We use the Facebook apps dataset that was first reported in ref. 15 by Onnela and Reed-Tsochas. These data include the records, for every hour from June 25, 2007 to August 14, 2007, of the number of times that every Facebook app (of the n = 2,705 total available during this period) was installed. At the time, Facebook users had two streams of information about apps: a “cumulative information” stream gave an “all-time best-seller” list, in which all apps were ranked by their cumulative popularity (i.e., the total number of installations to date), and a “recent activity information” stream consisted of updates provided by Facebook on the recent app installation activity by a user’s friends. Users could also visit the profiles of their friends to see which applications a friend had installed.

The data thus consist of N time series n_i(t), where the “popularity” n_i(t) of app i at time t is the total number of users who have installed app i by hour t of the study period. The discrete time index t counts hours from the start of the study period (t = 0) to the end (t = t_max ≡ 1,209). The distribution of n_i values is heavy-tailed (SI Appendix, Fig. S1), so the popularities n_i(t) of the apps cover a very wide range of scales. Facebook apps first became available on May 24, 2007, corresponding to t ≈ −720 in our notation. By time t = 0, when the data collection began, 980 apps had already launched (with unknown launch times); the remaining apps in our dataset were launched during the study period. Among the latter, we pay particular attention to those for which we have at least t_LES ≡ 650 h (i.e., more than one-half of the data collection window) of data. We call these apps the “launched-early-in-study” (LES) apps. Denoting by t_i the launch time of app i, the 921 LES apps i are those that satisfy t_i > 0 and t_i < t_max − t_LES = 559. We set t_i = 0 for apps that were launched before the study period.

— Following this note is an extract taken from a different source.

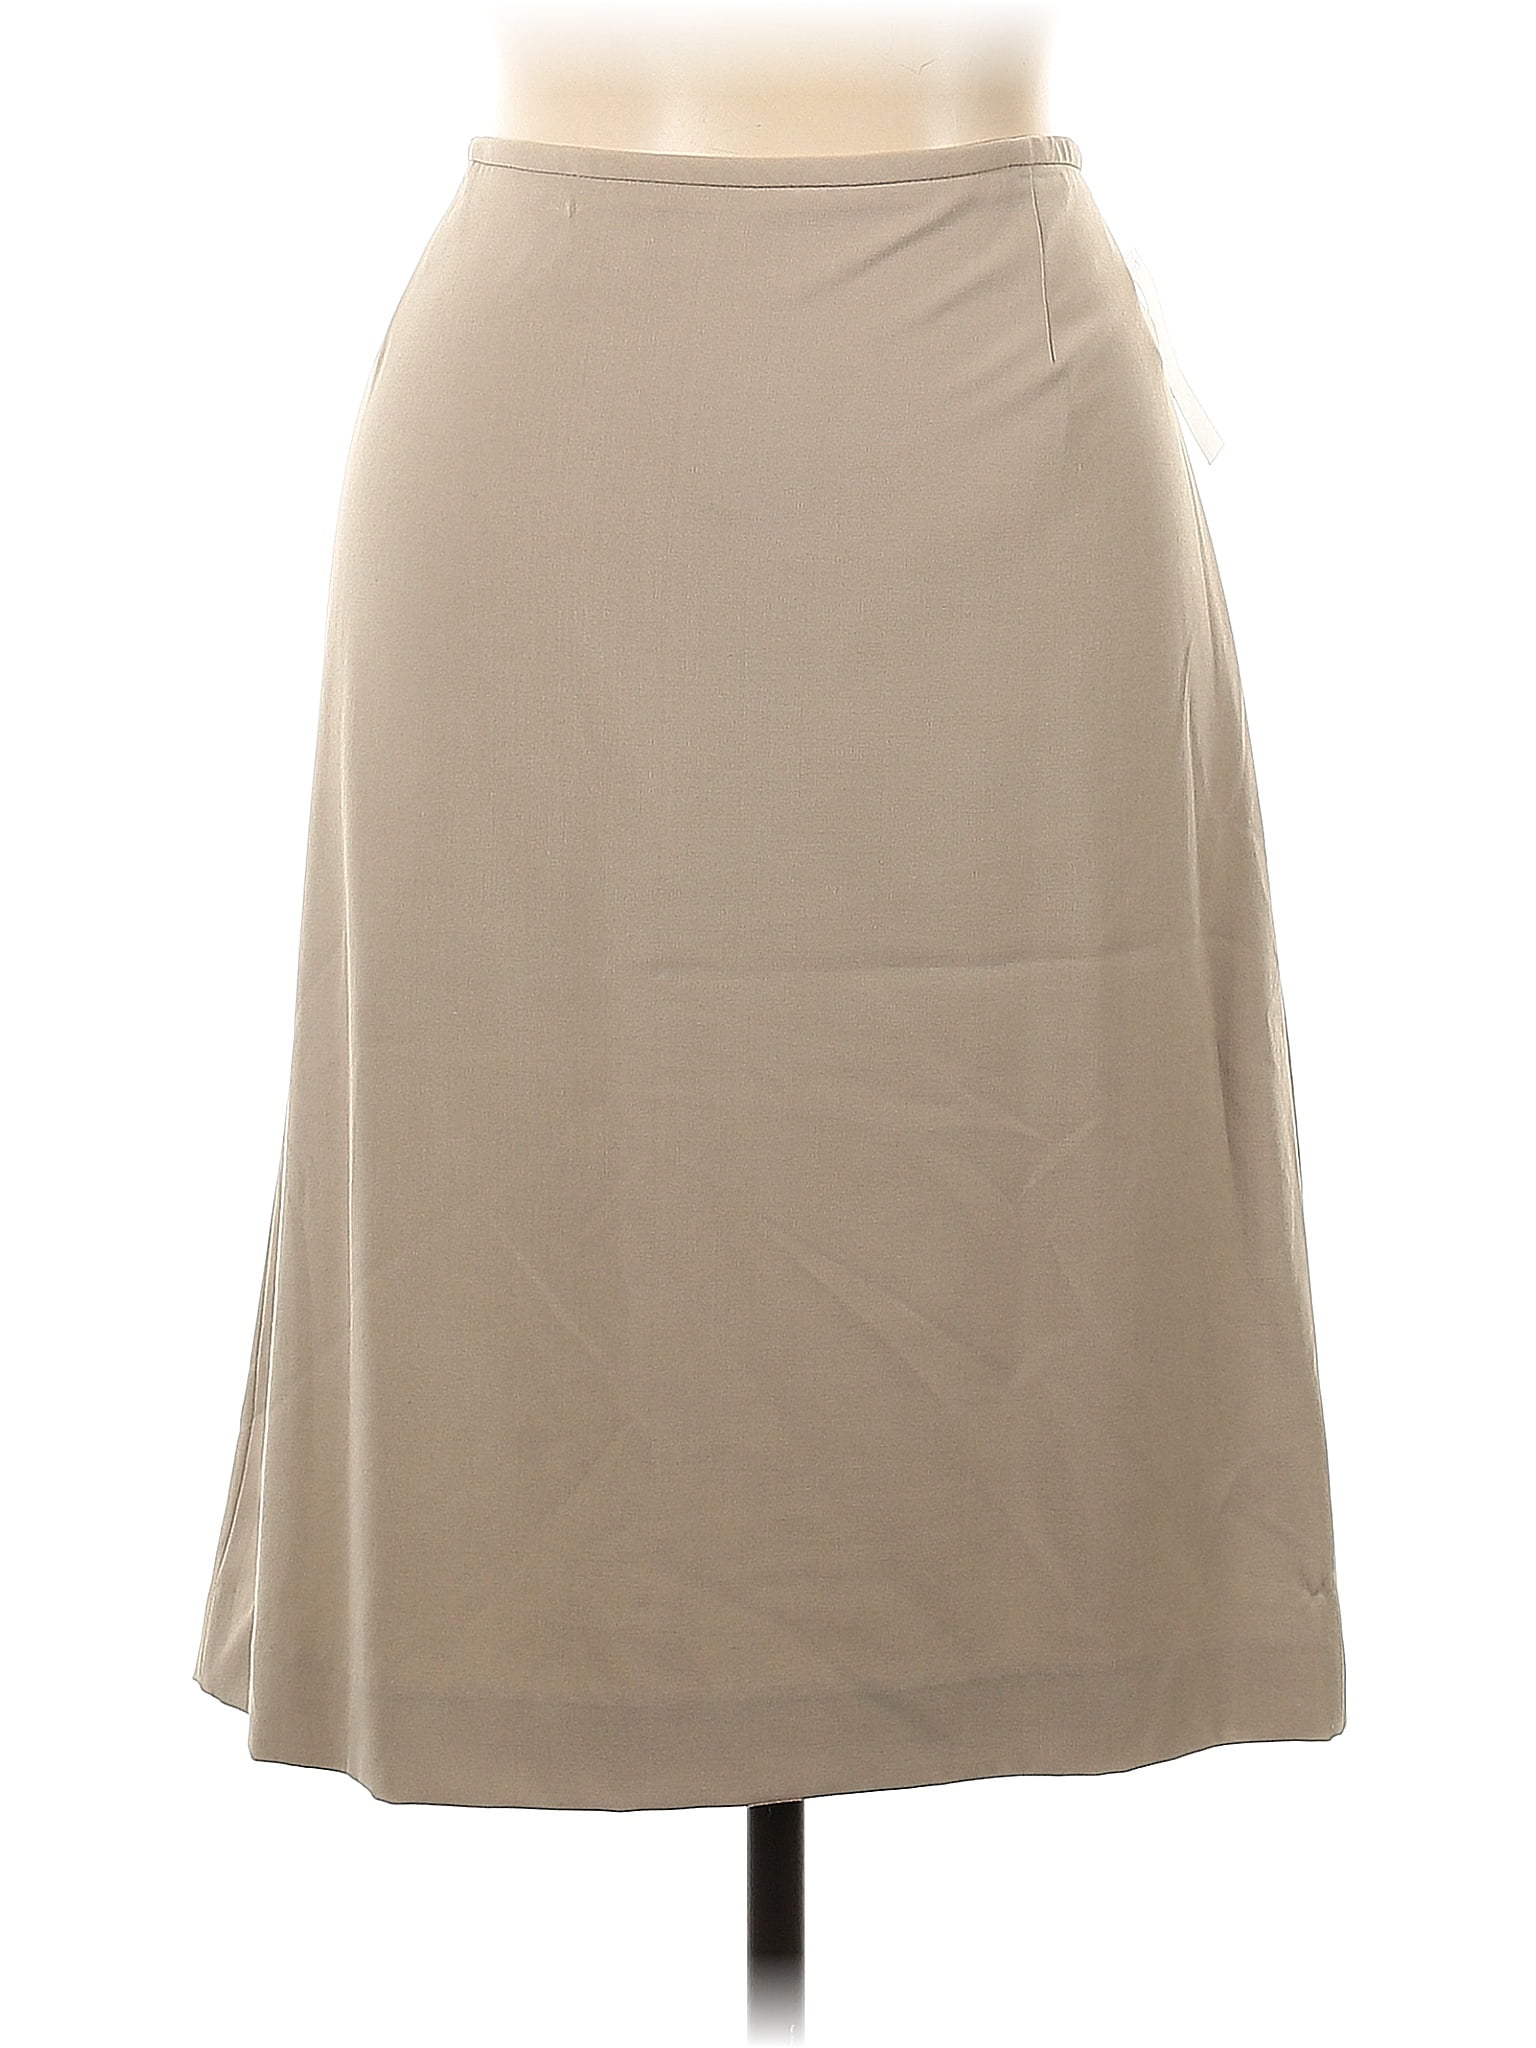 Tahari by ASL Solid Tan Casual Skirt Size 16 - 75% off | thredUP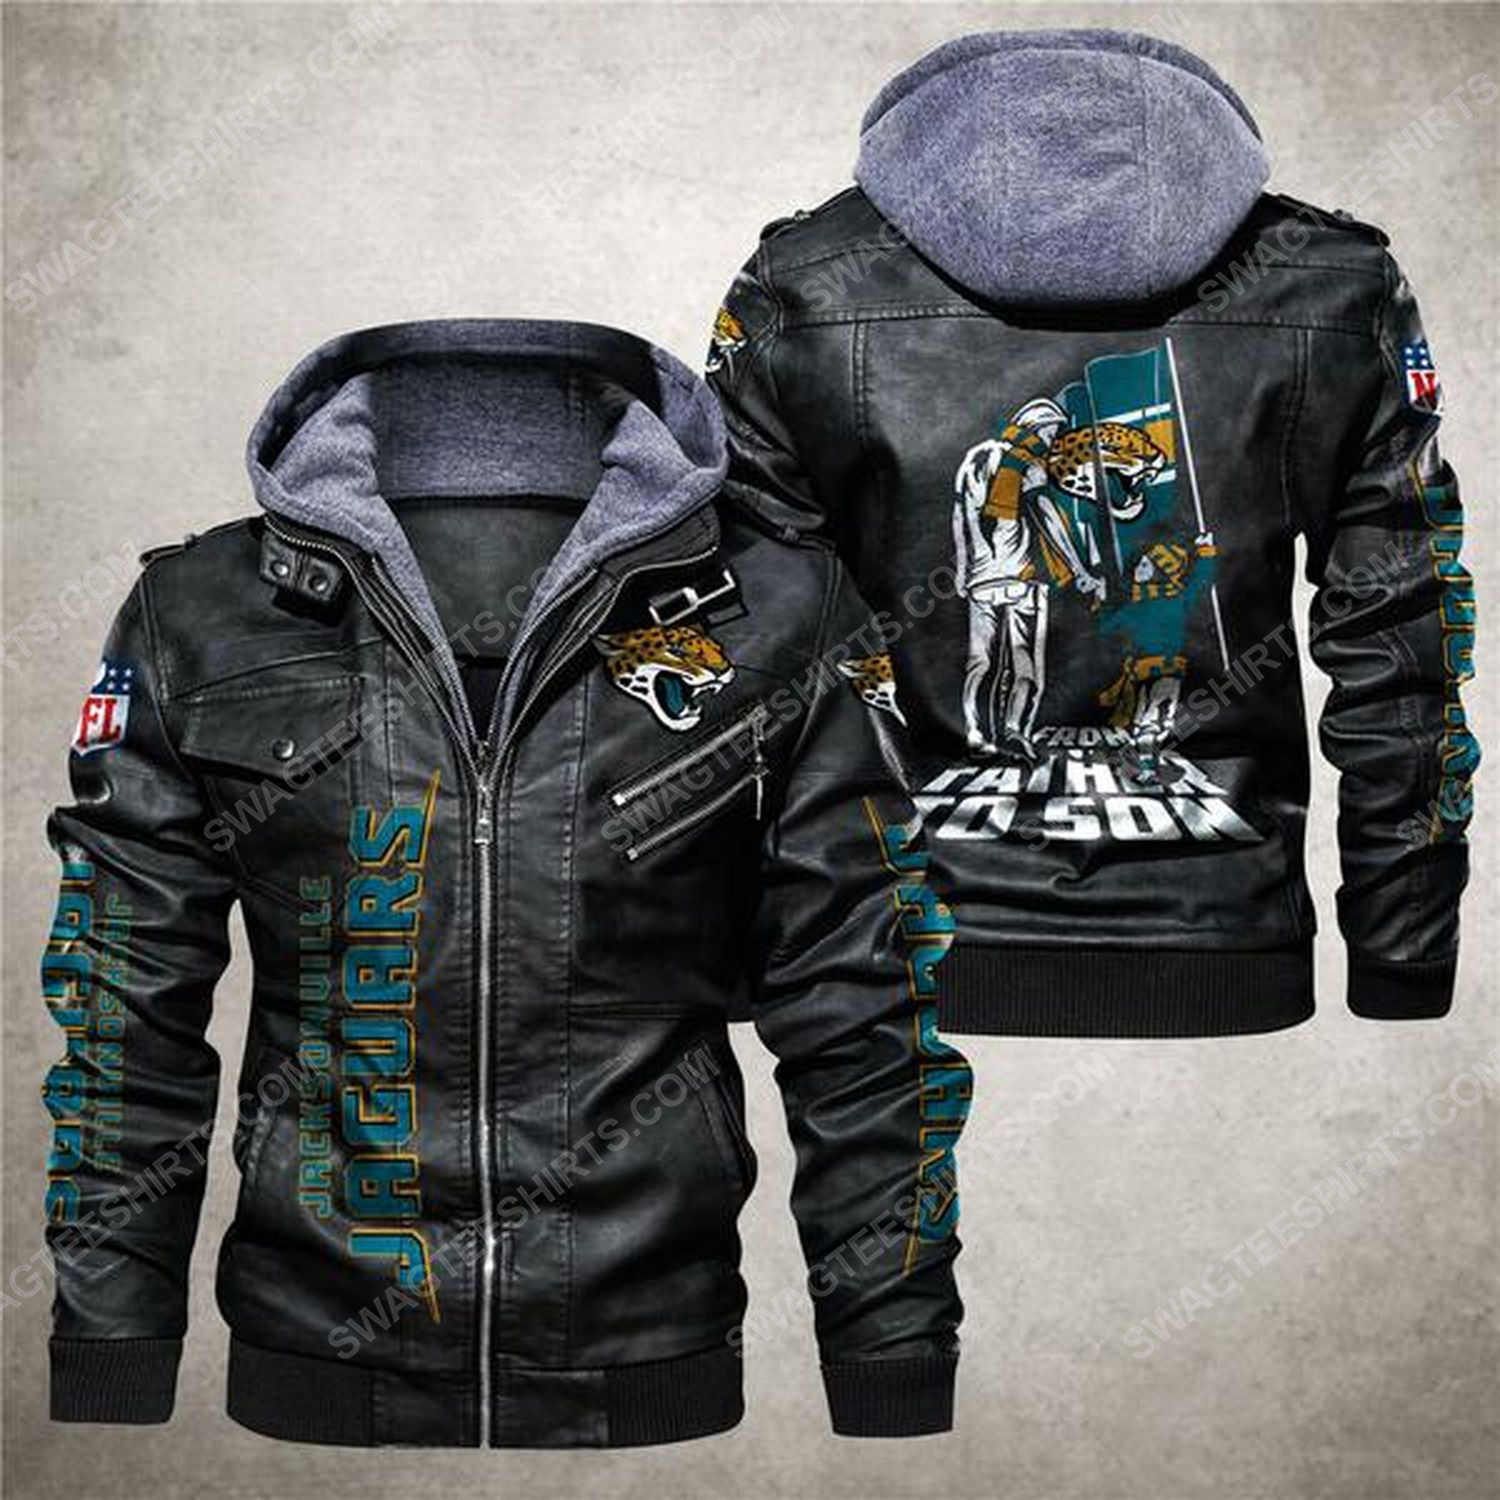 National football league jacksonville jaguars from father to son leather jacket - black

To measure the change in app popularity during hour t, we define the “increment” in popularity of app i at time t as f_i(t) = n_i(t) − n_i(t − 1) [with f_i(t) = 0 for t ≤ t_i] (15). The total app installation activity of users during hour t is then as follows:

F (t) = \sum_{i = 1}^{N} f_{i} (t) .

[1]

We show in SI Appendix, section SI1 that F(t) has large diurnal fluctuations superimposed on a linear-in-time aggregate growth.

We define the “age-shifted popularity” ${\tilde{n}}_{i} (a) = n_{i} (t_{i} + a)$ and “age-shifted increment” ${\tilde{f}}_{i} (a) = f_{i} (t_{i} + a)$ of app i at age a to enable comparison of apps when they are the same age (i.e., at the same number of hours after their launch). An examination of the trajectories of the largest LES apps reveals that their popularity grows exponentially for some time before reaching a steady-growth regime in which ${\tilde{n}}_{i} (a)$ increases approximately linearly with age. The corresponding age-shifted increment functions ${\tilde{f}}_{i} (a)$ reach a “plateau” at large a, although they have a superimposed 24-h oscillation (SI Appendix, Figs. S3 and S4). To study the entire set of LES apps, we scale the increment ${\tilde{f}}_{i}$ of app i by its temporal average ${\tilde{μ}}_{i} = (\sum_{a = 1}^{t_{LES}} {\tilde{f}}_{i} (a)) / t_{LES}$ over the first t_LES = 650 observations for each app. This weights very popular apps and other (less popular) apps in a similar manner (25). For a given set $ℐ$ of LES apps, we define the “mean scaled age-shifted growth rate” as follows:

r (a) = {〈 \frac{{\tilde{f}}_{i} (a)}{{\tilde{μ}}_{i}} 〉}_{ℐ},

[2]

where 〈⋅〉 denotes an ensemble average over all apps in the set $ℐ$ .

The mean scaled age-shifted growth rate reveals several interesting features (Fig. 1A). First, at large ages (e.g., a ≥ 150 h), the function r(a) has 24-h oscillations superimposed on a nearly constant curve. The behavior of r(a) is very different for smaller ages; we dub this the “novelty regime,” as it represents the (approximately 1-wk) time period that immediately follows the launch of apps. The r(a) curve for the entire LES set is similar to those found by splitting the LES set into two disjoint subsets based on ordered launch times—the 460 applications with earlier launch times (t_i ≤ 260; early-launch) and the 461 applications with later launch times (t_i ≥ 261; late-launch). The small difference between the r(a) curves for these cases gives an estimate of the inherent variability within the data and sets a natural target for how well stochastic simulations can fit the data. We find similar results for other subsets of the same size (SI Appendix, section SI3).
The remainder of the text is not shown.